Quantum computing exploits quantum physics (superposition and entanglement) to accelerate computation at the system / architectural level. We agree that AHaH does not do that.
I understand you’re trying to draw an analogy here, but “quantum computing” in that quote is not only confusing, it’s easily perceived as overstating the capabilities of the architecture. That’s risky since it will cause some readers (those familiar with quantum computing) to immediately dismiss your approach out of hand.
...but similar to quantum computing AHaH Computing embraces hardware as part of the solution
I have no argument with embracing hardware as part of the solution, but that’s not unique to AHaH and quantum computing. Many neuromorphic architectures based on memristors have been proposed over the last several years. Every one embraces the memristor hardware in its architecture. AHaH belongs in that camp, not in the quantum computing camp.
Bottom line: We agree that AHaH does classical computing. We perhaps disagree about the sociological and public relations risks of using the phrase “quantum computing” when describing AHaH.
Alex Nugent, CEO Knowm Inc:
That's risky since it will cause some readers (those familiar with quantum computing) to immediately dismiss your approach out of hand
Many people are incapable of asking questions and presume quite a lot about the capability (or incapability) of others. Its too bad. Its also a tad hypocritical considering the vast discrepancy between QC theory and practice. But in the end its those people who operate on their assumptions and fail to ask questions that get left out when the party starts.

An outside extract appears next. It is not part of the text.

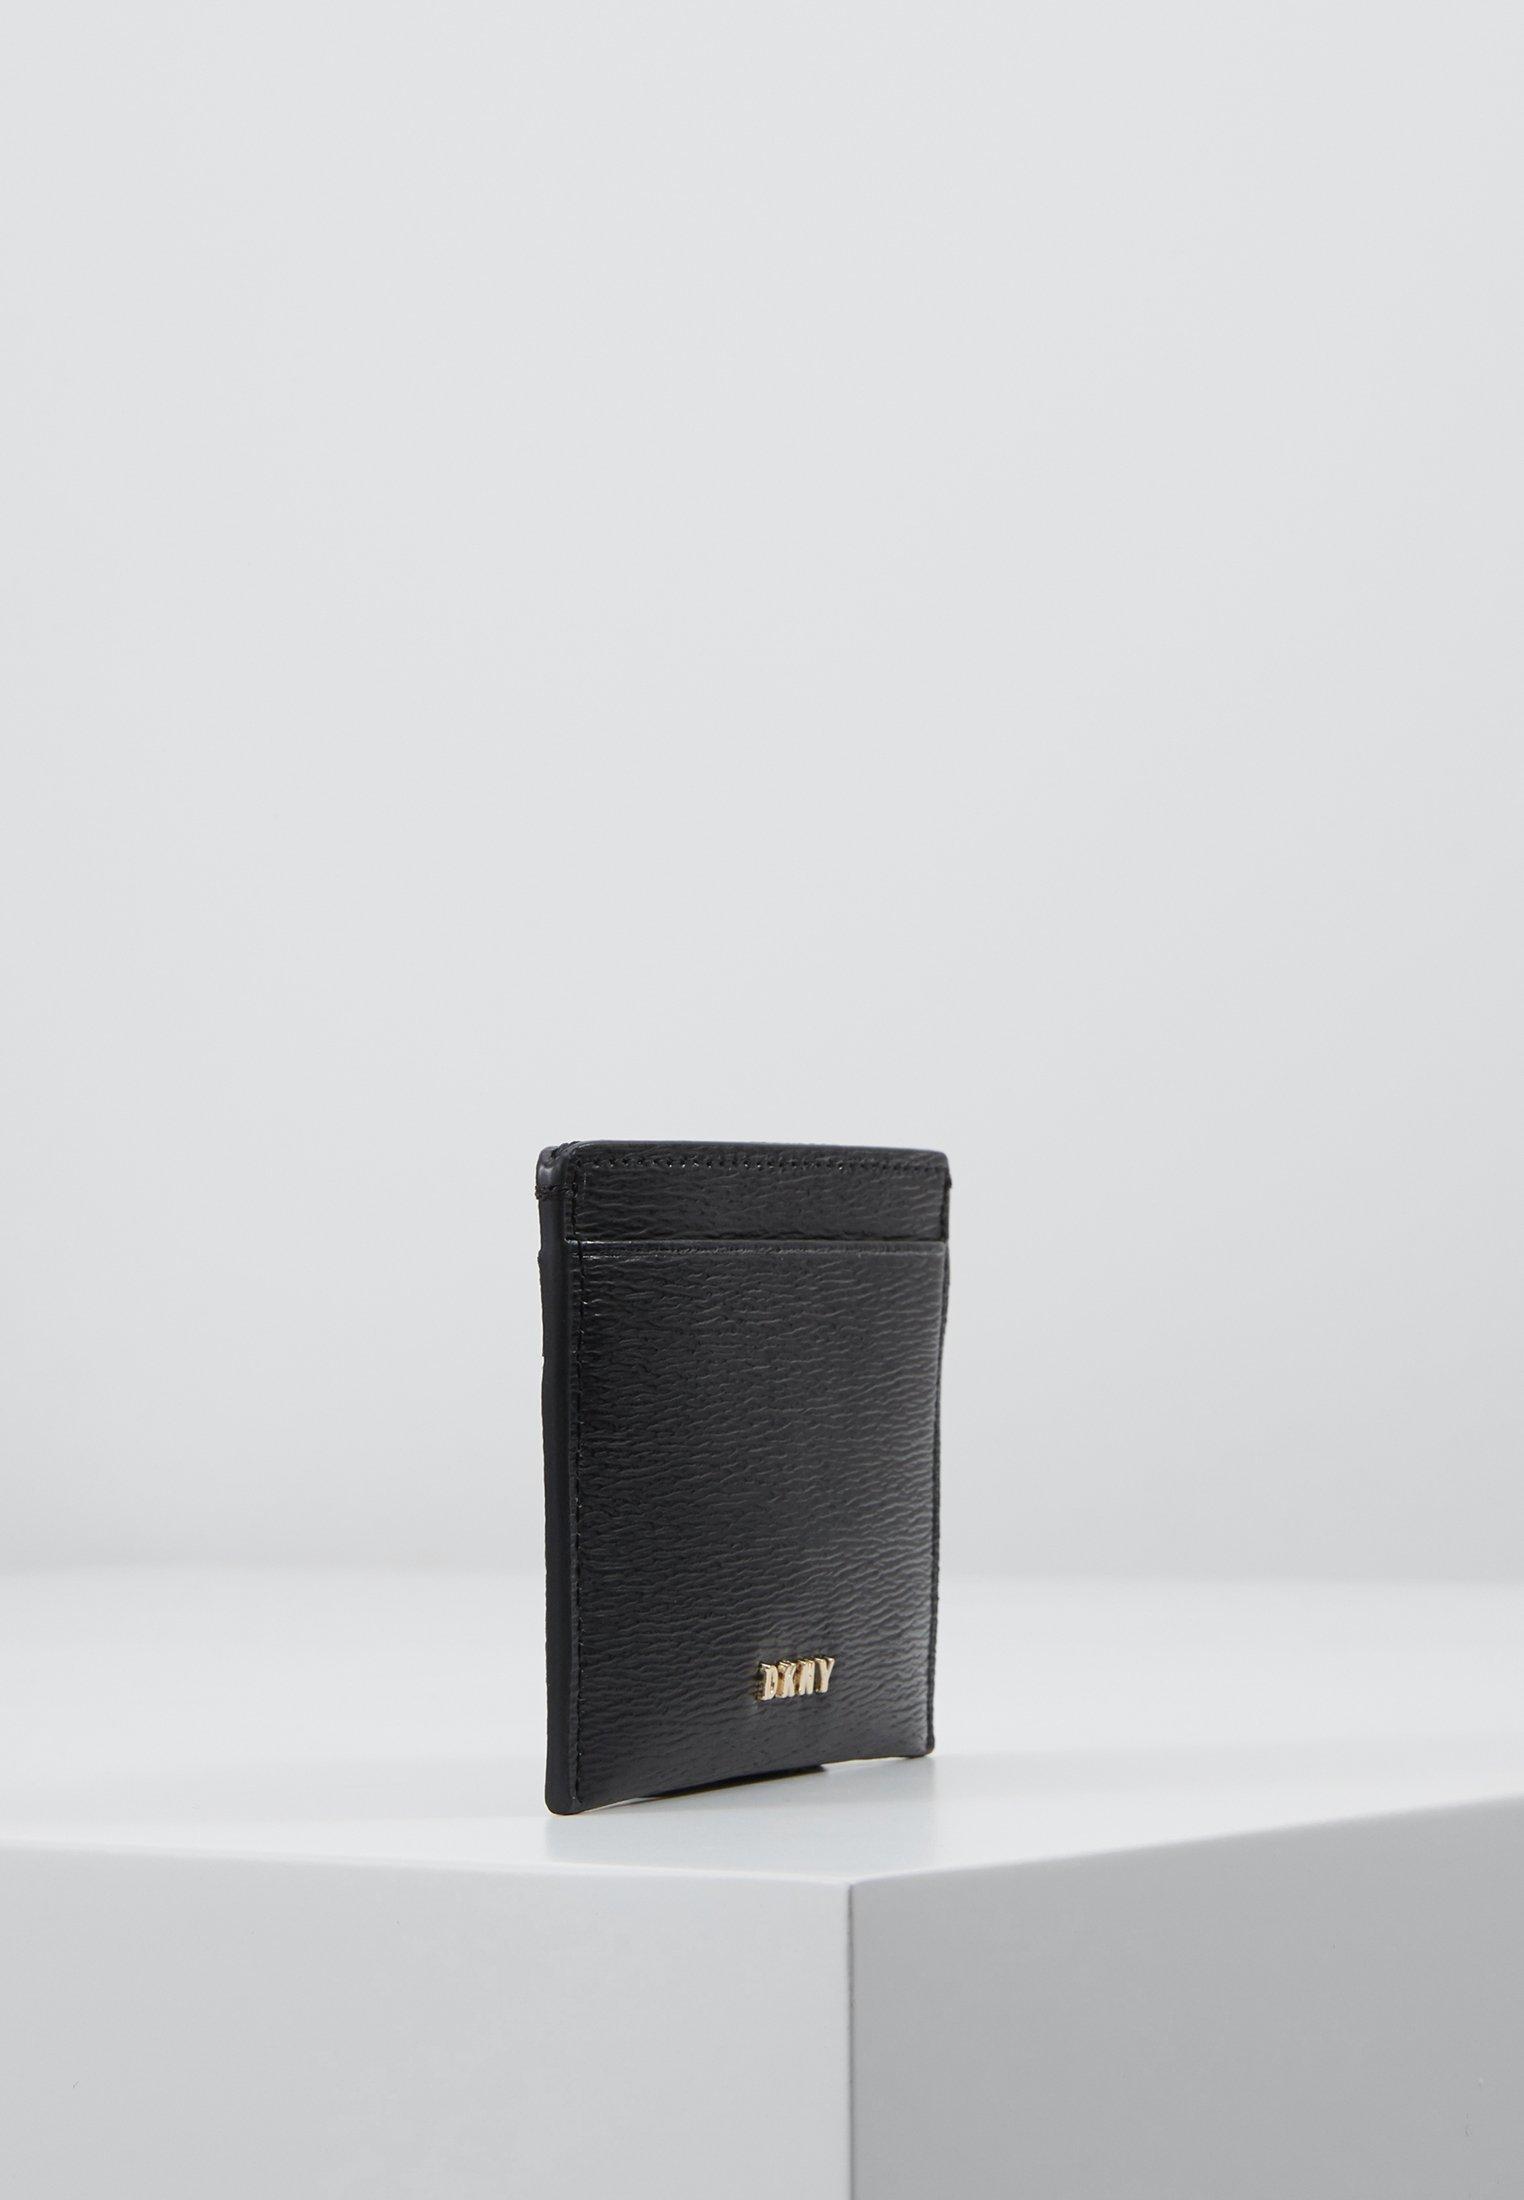 DKNY PERLA ENVELOPE FLAP - Lommebok - black/gold-coloured/svart kWMs02dUI55H3cp
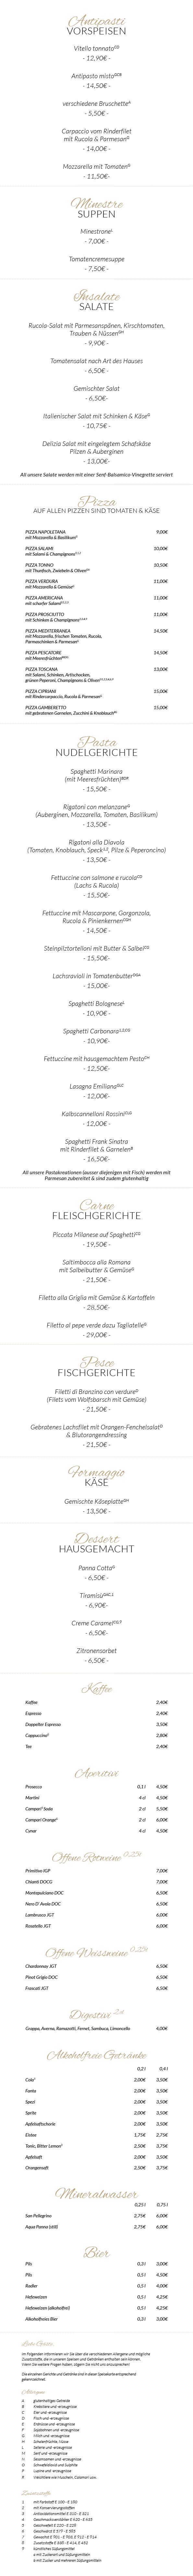 Trattoria-Toscana-Heidelberg-Speisekarte

We are not looking to convert QC folks, and its OK if they dismiss AHaH Computing, although of course we would like to work with everybody.
easily perceived as overstating the capabilities of the architecture.
One big problem is how over-hyped QC is. If anything a rational comparison to QC would be negative. Yes, QC exploits quantum physics, but its still physics, and its capabilities are still limited to certain problems classes and (severely) constrained by practical considerations, not the least of which being that Nature abhors qu-bits. 30 years and billions in funding and what do we have? The promise of the QC? That, to me, is a pretty big overstatement of capabilities.
Many neuromorphic architectures based on memristors have been proposed over the last several years.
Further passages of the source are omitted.